Full-time work is at least 30 hours per week. If you work for two nonprofit employers and your part-time work at both employers averages at least 30 hours per week combined, you may still qualify.
*MOHELA is replacing FedLoan as the vendor responsible for administering the PSLF Program. The switch is expected to finish by the end of the year.
Step 3 – Move to an IDR plan.
Most borrowers will save the most money by making all qualifying payments on one of the income-driven repayment plans. Even if you have a low income, you’ll always have a payment amount you can afford. But if you’re a high earner or have Parent PLUS Loans, your payments may be cheaper under the 10-Year Standard Repayment Plan. If that’s the case, you’ll pay back the full amount before you qualify for relief.
Step 4 – Make 10 years’ worth of payments.
You must make 120 monthly payments before you’re PSLF-eligible. The payments don’t have to be consecutive. You can pause payments with a deferment or forbearance and then make payments once you can afford to do so. You can also change jobs. For instance, you switch from a qualifying nonprofit to a job that doesn’t qualify. When you return to a qualifying employer or make payments again, you’ll pick up where you left off.
Two things to note.
First, student loan payments count toward PSLF only when they’re made while you’re working for a qualifying employer.
Second, as of August 2020, lump-sum and early payments made before your recertification deadline count toward the 120 needed for forgiveness. For example, if your monthly bill was $100 and you paid $1100, that would count for your next eleven payments.

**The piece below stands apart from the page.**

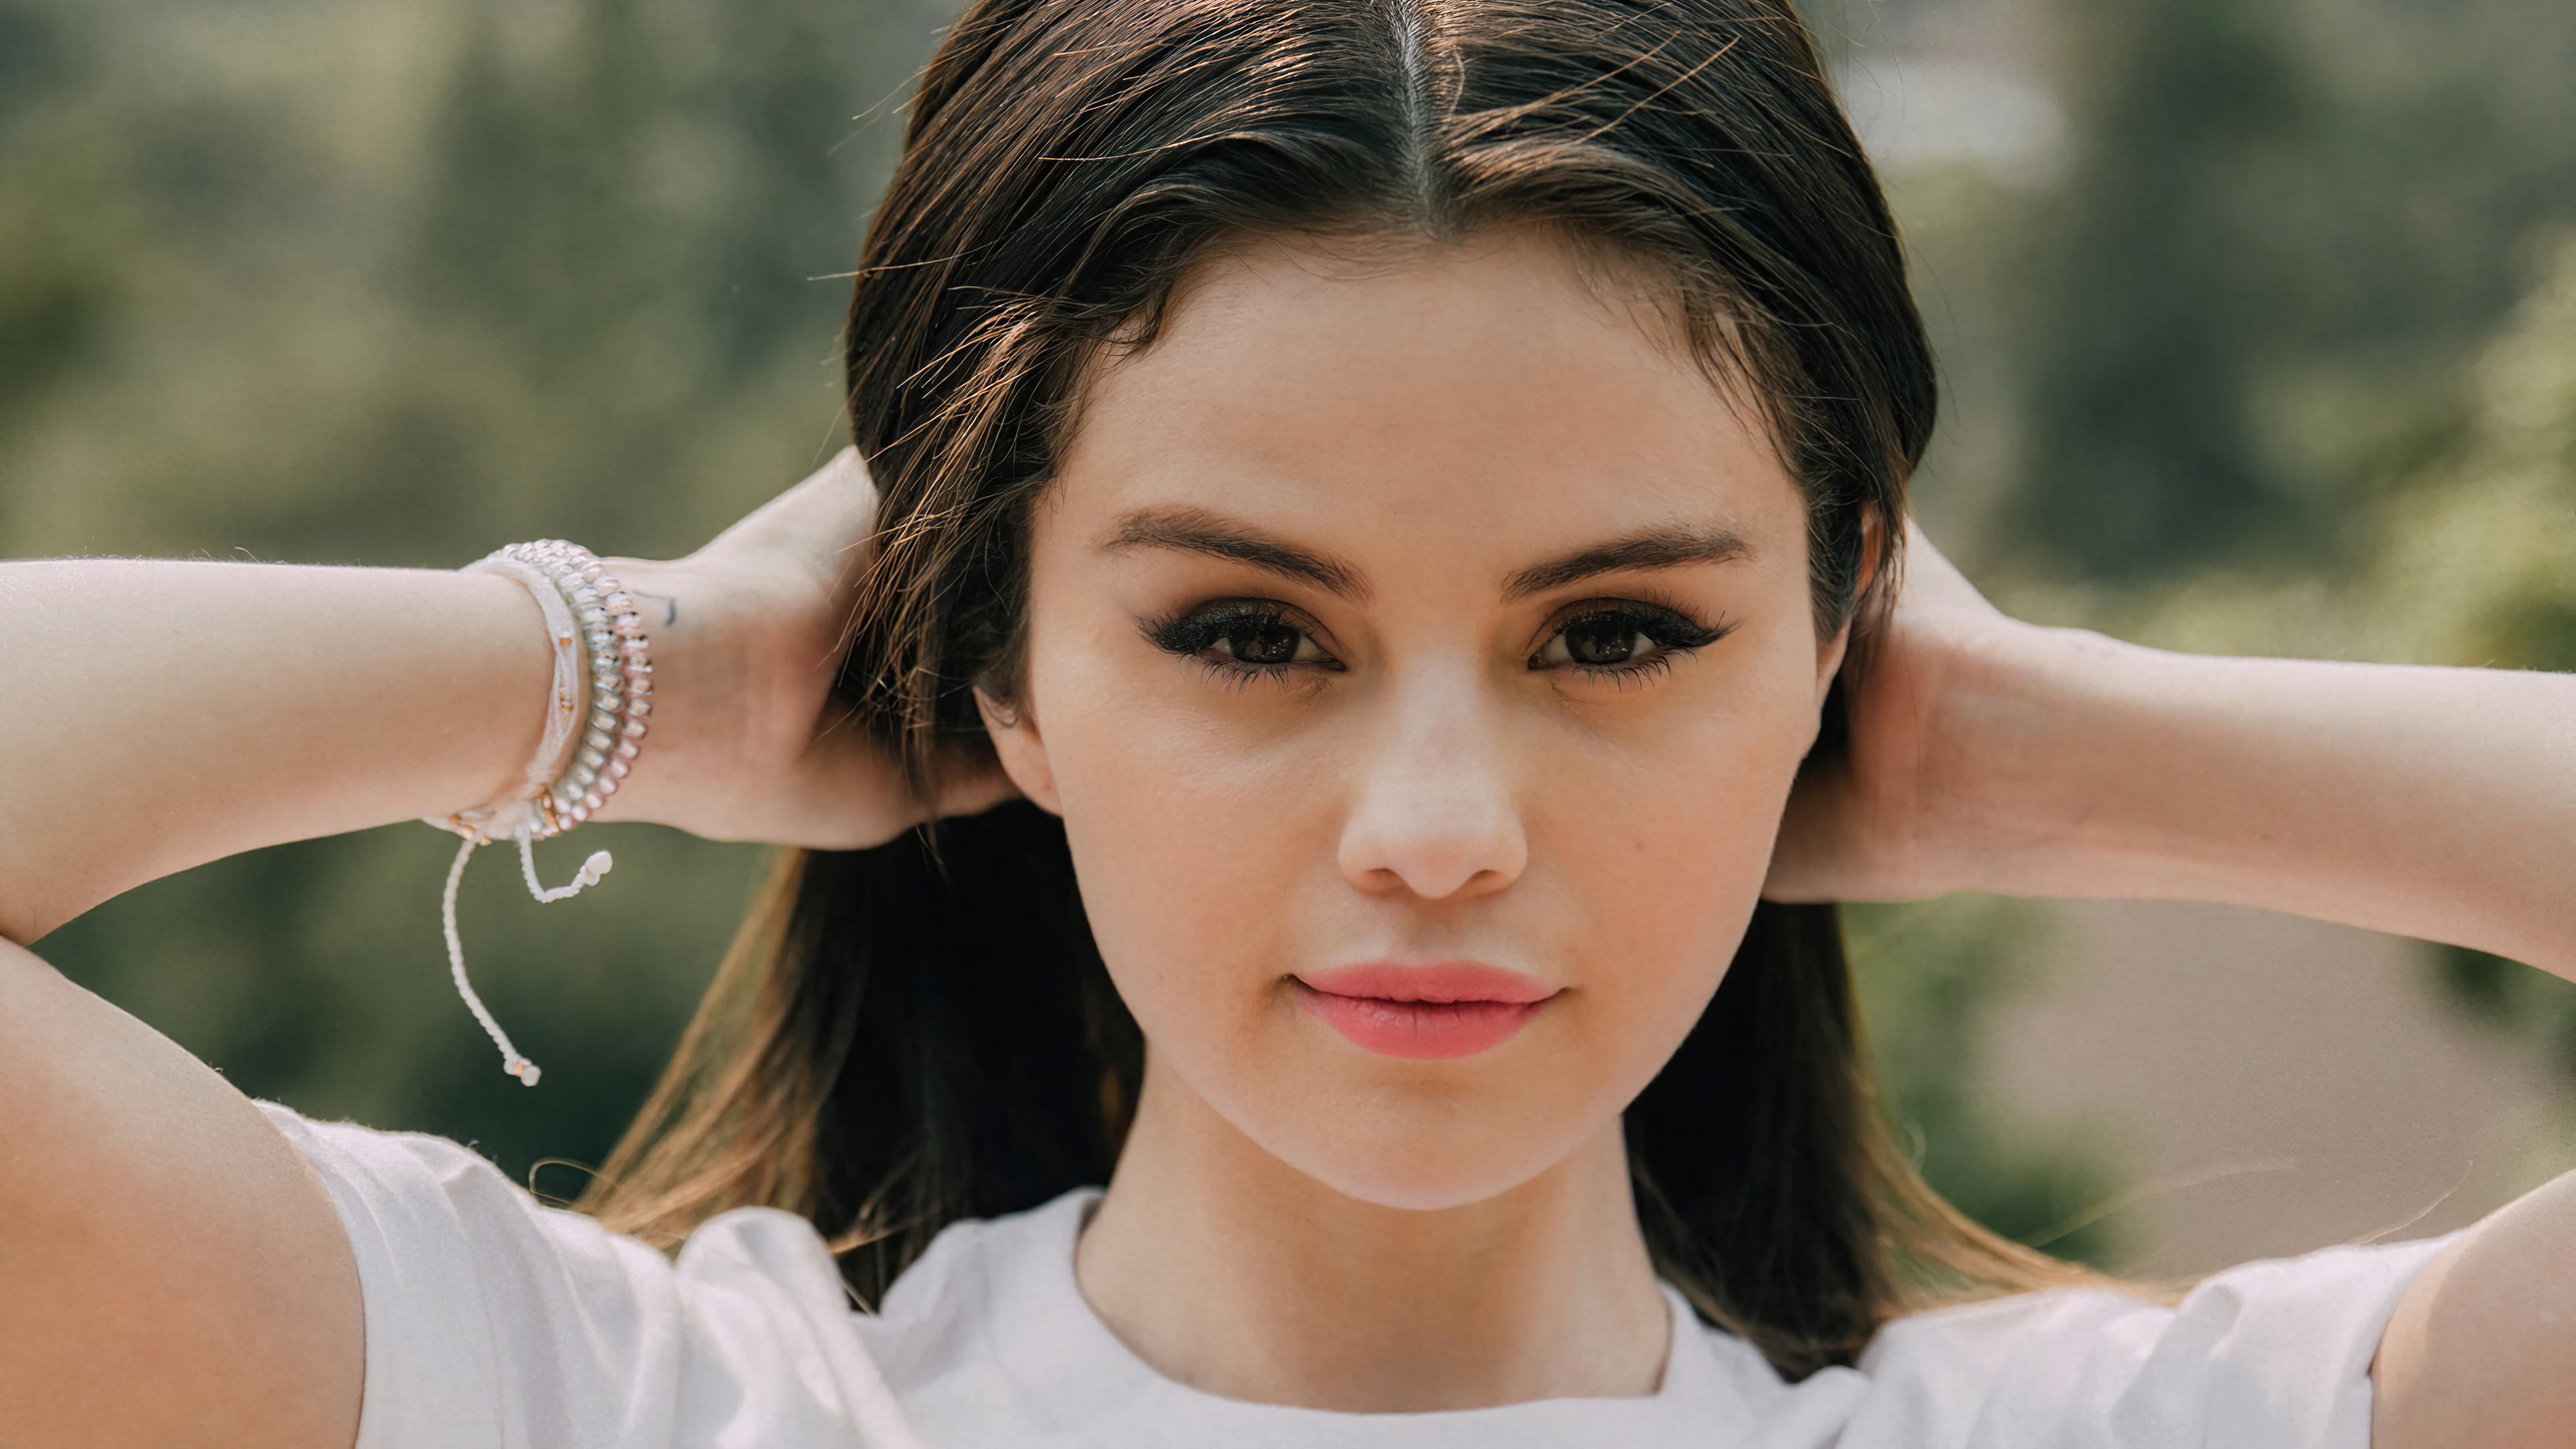 4K Selena Gomez without Makeup Wallpapers

Step 5 – Apply for student loan forgiveness.
After making your final payment, submit the PSLF application. You must keep working full-time for a qualifying employer when you apply.
If you didn’t certify your employment each year, submit an employment certification form for your current employer and each employer you had while making the 120 payments. You can skip this step if you’ve been at the same nonprofit employer since Oct. 1, 2007.
Once received, FedLoan Servicing will notify you. You’re not required to make payments while your application is processed. Any payments made over 120 will be refunded to you once the eligible loans are forgiven.
Your nonprofit employer doesn't qualify for PSLF? You have other options.
You’re not alone if you learn your employer doesn’t meet PSLF’s strict requirements. There are other options.
Check out other forgiveness opportunities. PSLF is just one of the student loan forgiveness programs the federal government offers borrowers. You’re also eligible for IDR forgiveness and the IDR Waiver. And if you teach at a secondary school or educational service agency, you may qualify for the Teacher Loan Forgiveness Program.
Stay in an income-driven repayment plan. IBR, ICR, PAYE, and REPAYE will forgive your remaining balance after 20 or 25 years, depending on the plan and if you borrowed federal loans for graduate school. Right now, the forgiven loan balance is tax-exempt. But that may change in 2026.
Check out refinance opportunities. If you have a good credit score and enough income to cover your credit card bills and other expenses, student loan refinancing can save you money and help you get out of debt faster by lowering your interest rate. Before you refinance federal loans, know that they’ll no longer be eligible for federal benefits like loan forgiveness and income-based repayment options.